Dugaan tindakan pelecehan seksual ini menyeret nama Dua Karyawan PT IKI Bitung : satunya seorang Pejabat berinisial ( ARD ) dan satunya lagi Staf berinisial ( BP ). Keduanya telah dipanggil Resmi oleh Dinas Pemberdayaan Perempuan dan Perlindungan Anak (P3A) Pemkot Bitung untuk hadir pada tanggal 15 dan tanggal 17 Juli 2024 terkait klarifikasi kasus ini dan mediasi.
Dari informasi yang dihimpun, tindakan tak pantas tersebut terjadi di lingkungan kantor PT IKI. Ironisnya, dua dari korban merupakan anak di bawah umur yang sedang menjalani pendidikan kejuruan.
Alih – alih diproses secara hukum, kasus ini malah “ DI SULAP ” melalui jalur DAMAI. Dinas P3A menggelar Mediasi Tertutup yang berujung pada penandatanganan surat perdamaian antara korban dan pihak pelaku.

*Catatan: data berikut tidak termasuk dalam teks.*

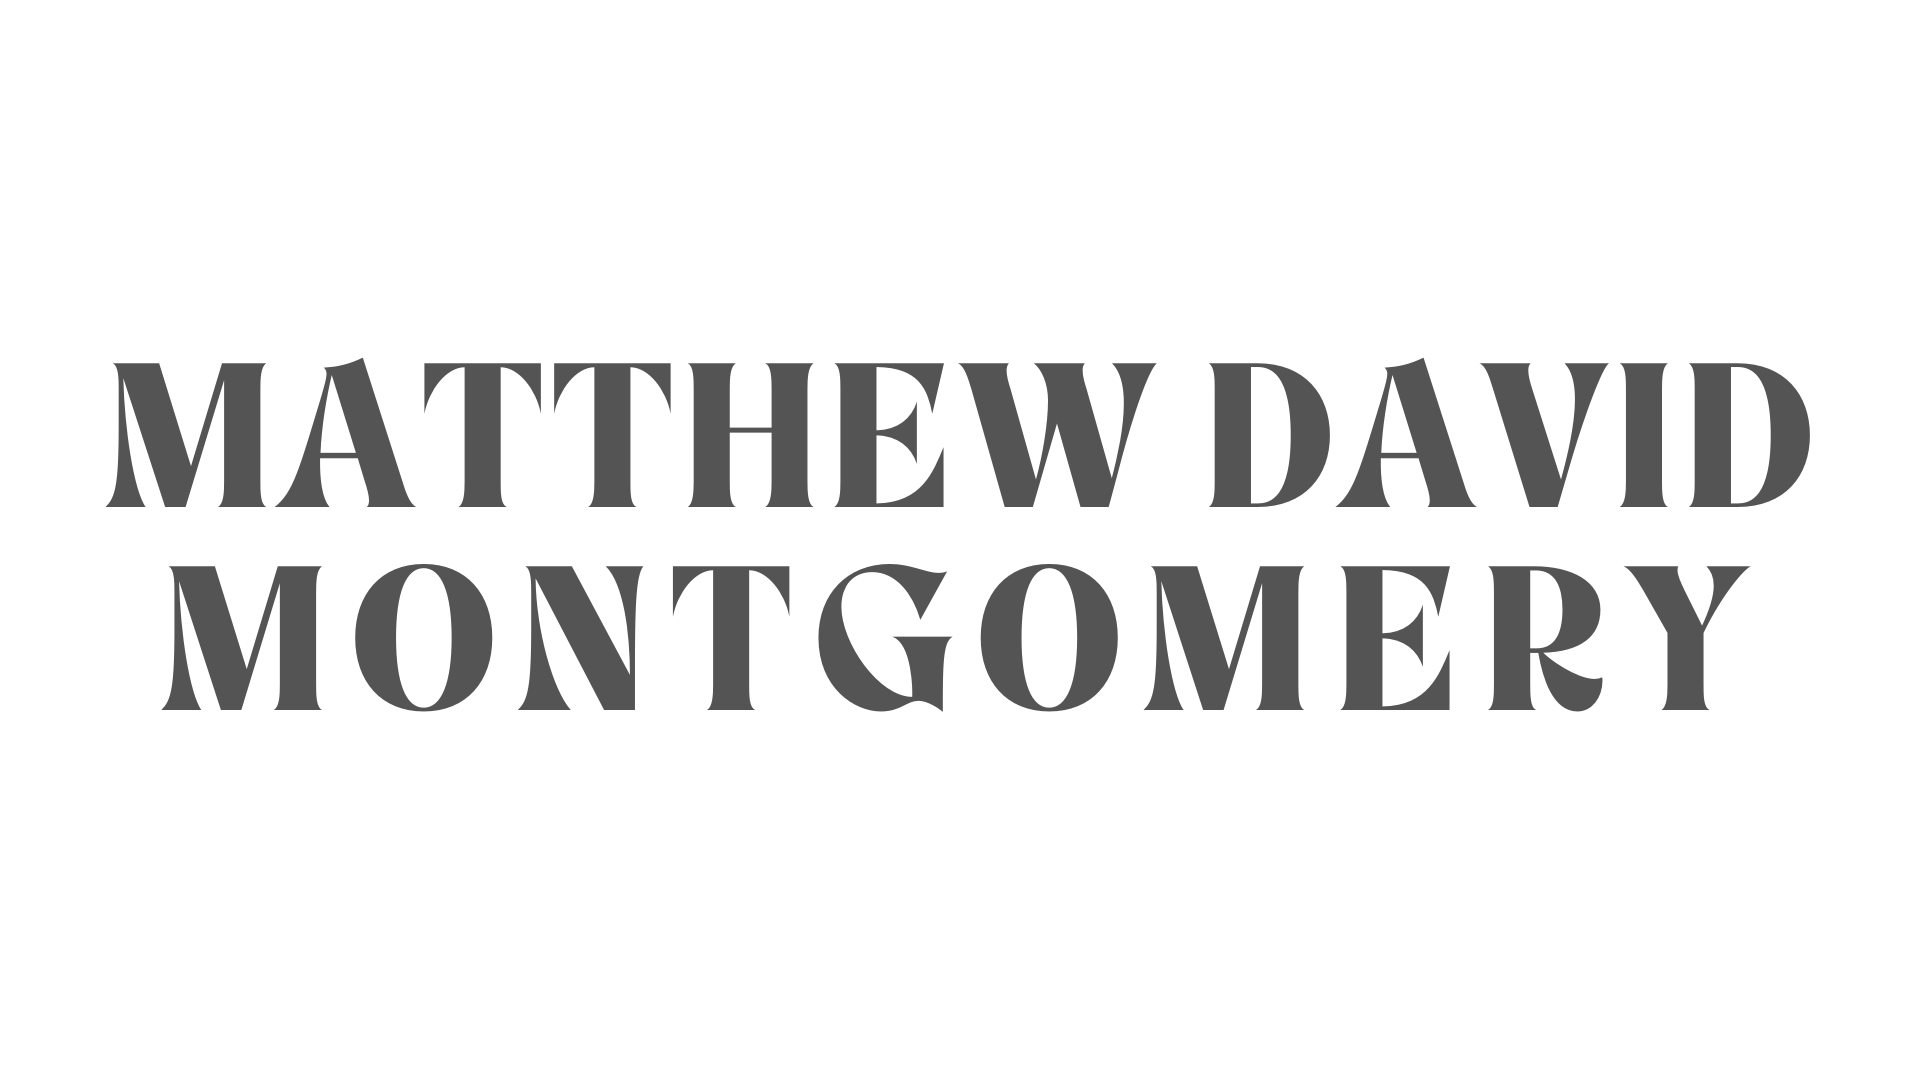 Matthew David Montgomery

Kepala Dinas P3A Bitung, Meiva Lidia Woran, SH, MH, membenarkan hal ini saat dikonfirmasi media, Rabu (14/05/2025).
” Kasus ini telah diselesaikan secara damai dan dituangkan dalam surat pernyataan resmi yang ditandatangani langsung oleh Pejabat PT IKI berinisial ( ARD ) di kantor P3A,” ujarnya singkat.
Namun perdamaian ini justru menimbulkan pertanyaan besar. Kepala SMK tempat dua korban menempuh pendidikan menyatakan kekecewaan dan menyebut tindakan tersebut berdampak serius terhadap Psikologis para siswi.
” Kami sangat menyesalkan kejadian ini. Selama dua pelaku masih ada di lingkungan PT IKI, kami memutuskan untuk menghentikan kerja sama magang dengan perusahaan tersebut,” tegas Kepala Sekolah, Kamis (15/05/2025).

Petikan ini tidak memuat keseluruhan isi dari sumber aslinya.